=== Data for the task ===
⁂

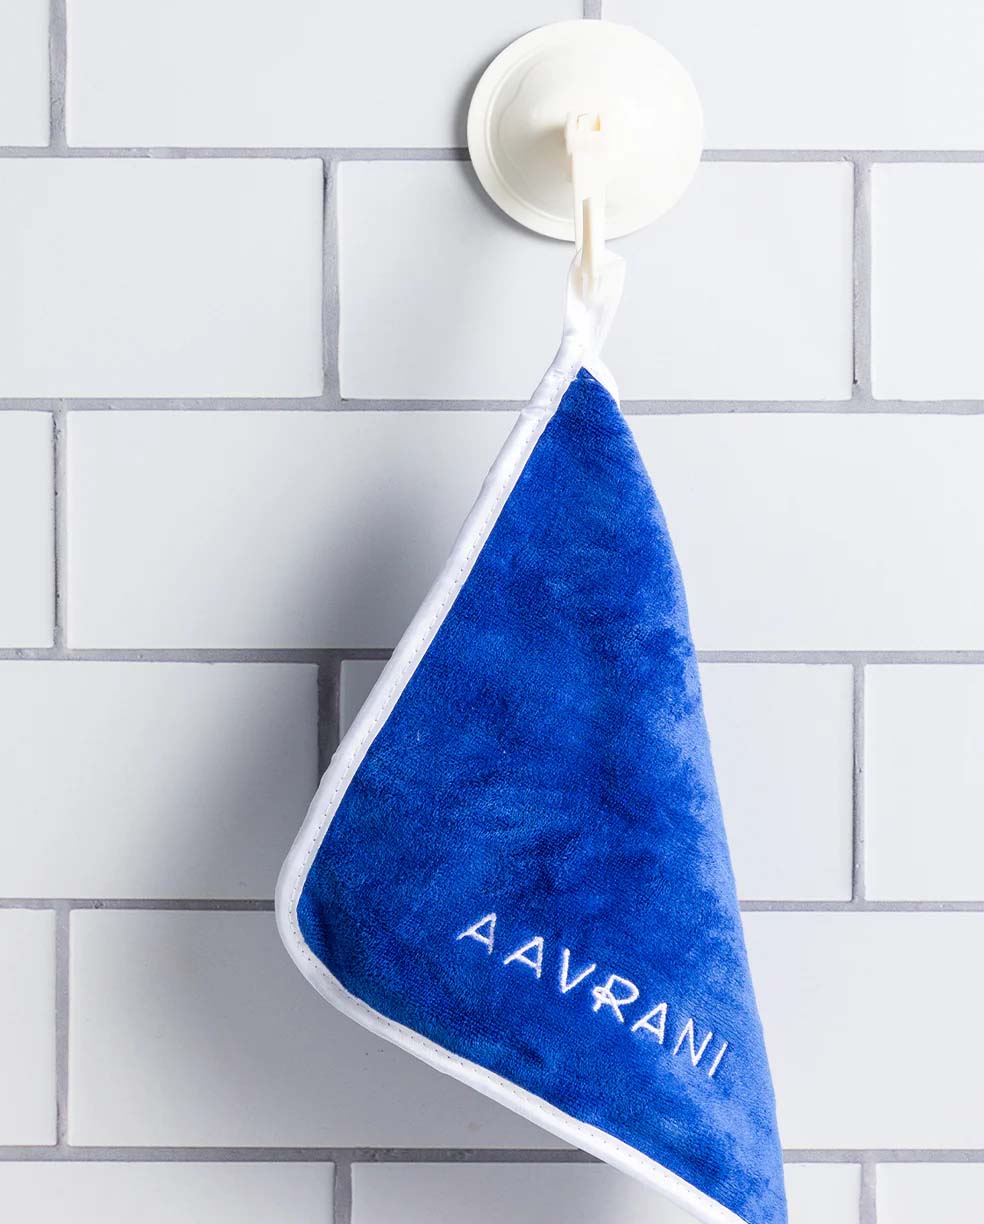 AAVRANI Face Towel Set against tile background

⁂

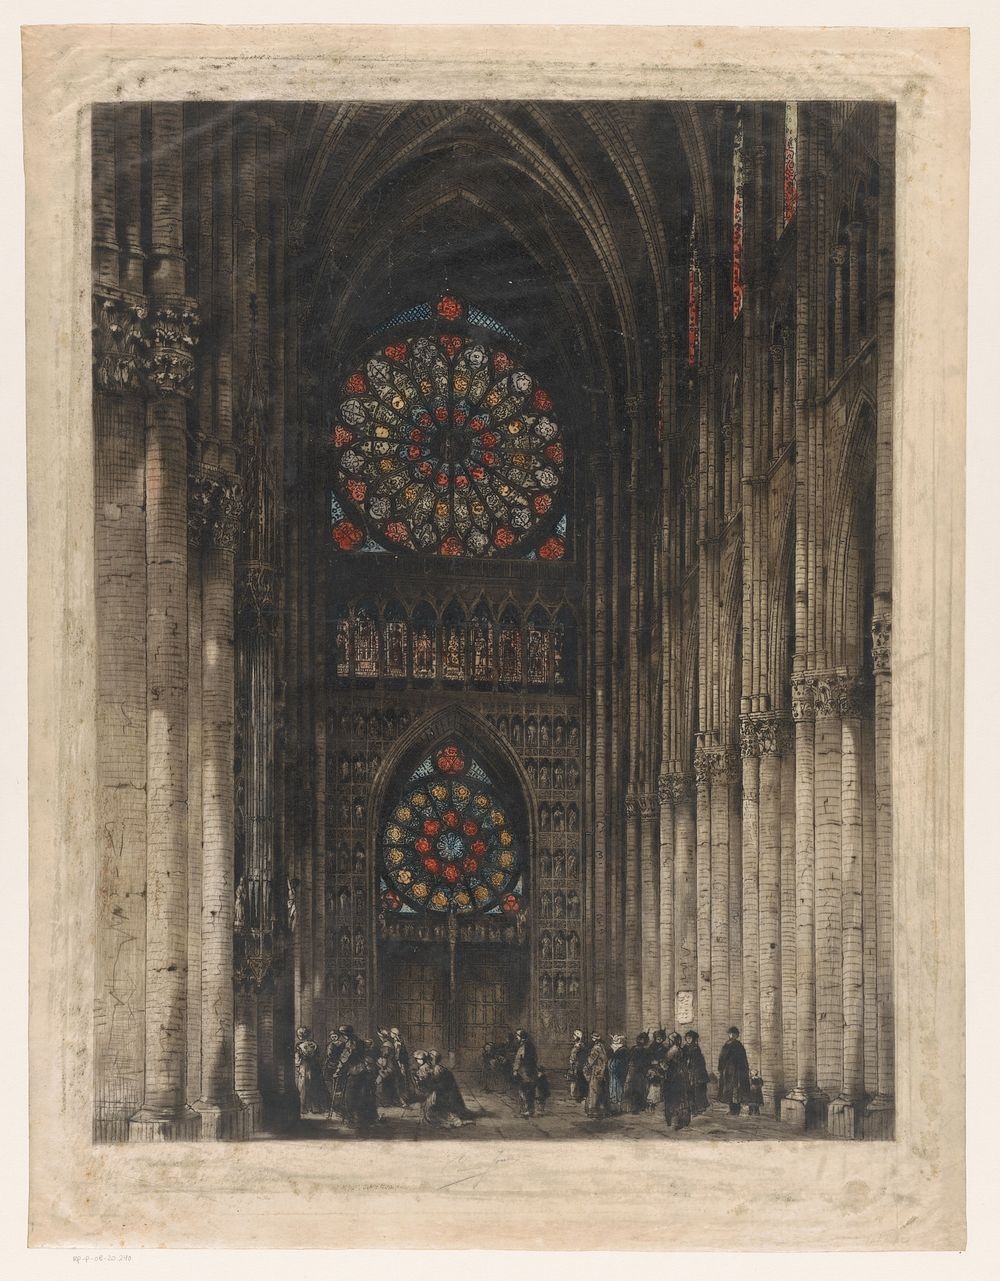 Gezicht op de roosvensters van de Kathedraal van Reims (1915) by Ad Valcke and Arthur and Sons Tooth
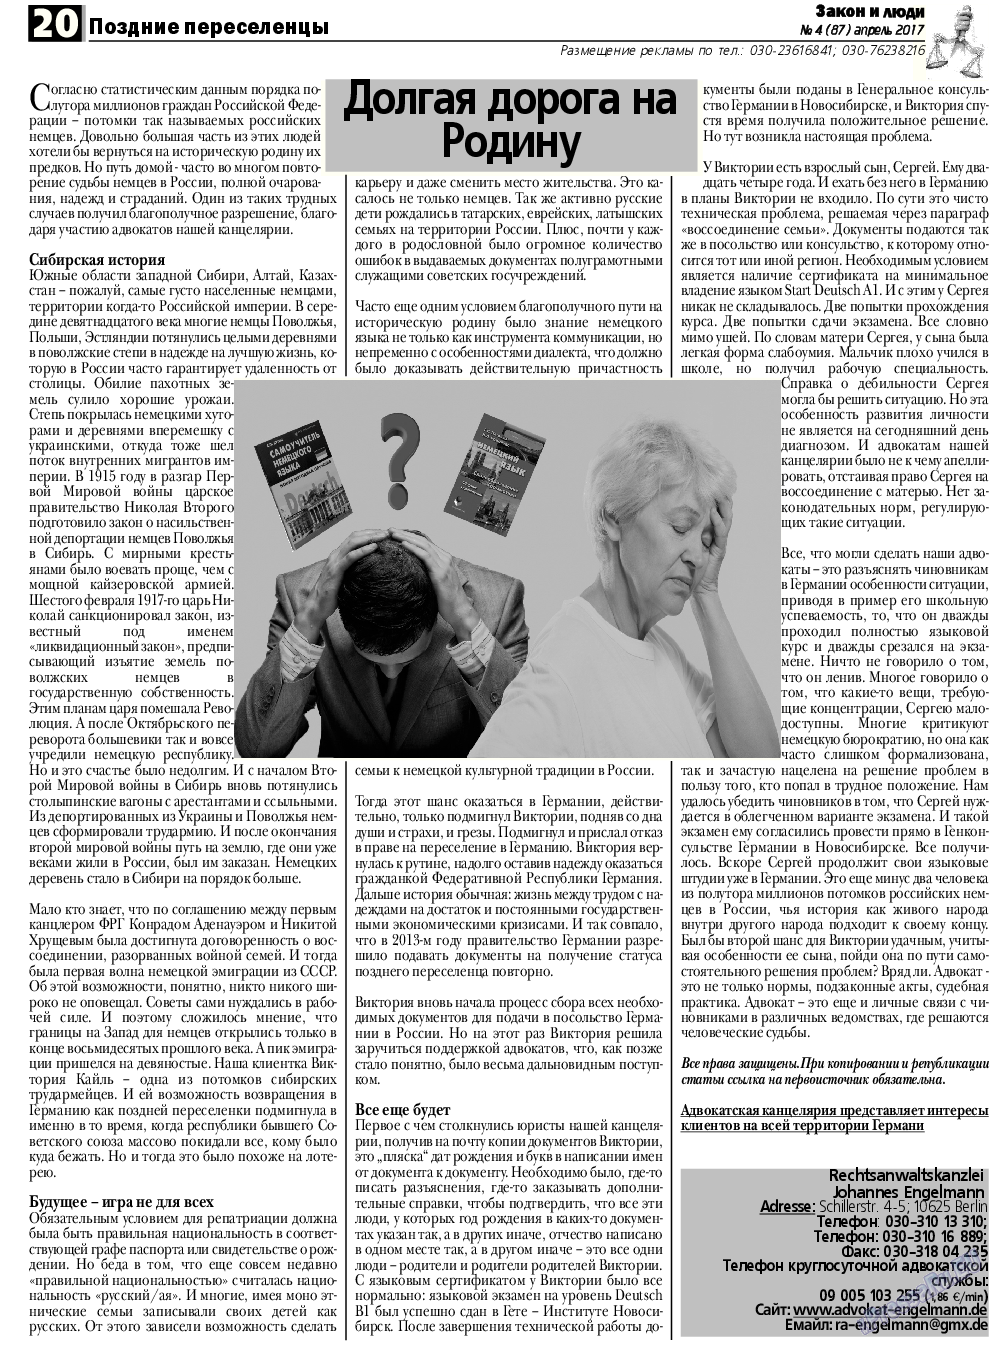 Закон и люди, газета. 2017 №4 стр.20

⁂

=== Required action ===
Nothing but the lines above, starting at the line that contains "Gezicht op de" and ending at the line that contains "Закон и люди, газета. 2017 №4 стр.20", should be given again, exactly and without the pictures.

=== Result of this exercise ===
 Gezicht op de roosvensters van de Kathedraal van Reims (1915) by Ad Valcke and Arthur and Sons Tooth
 Закон и люди, газета. 2017 №4 стр.20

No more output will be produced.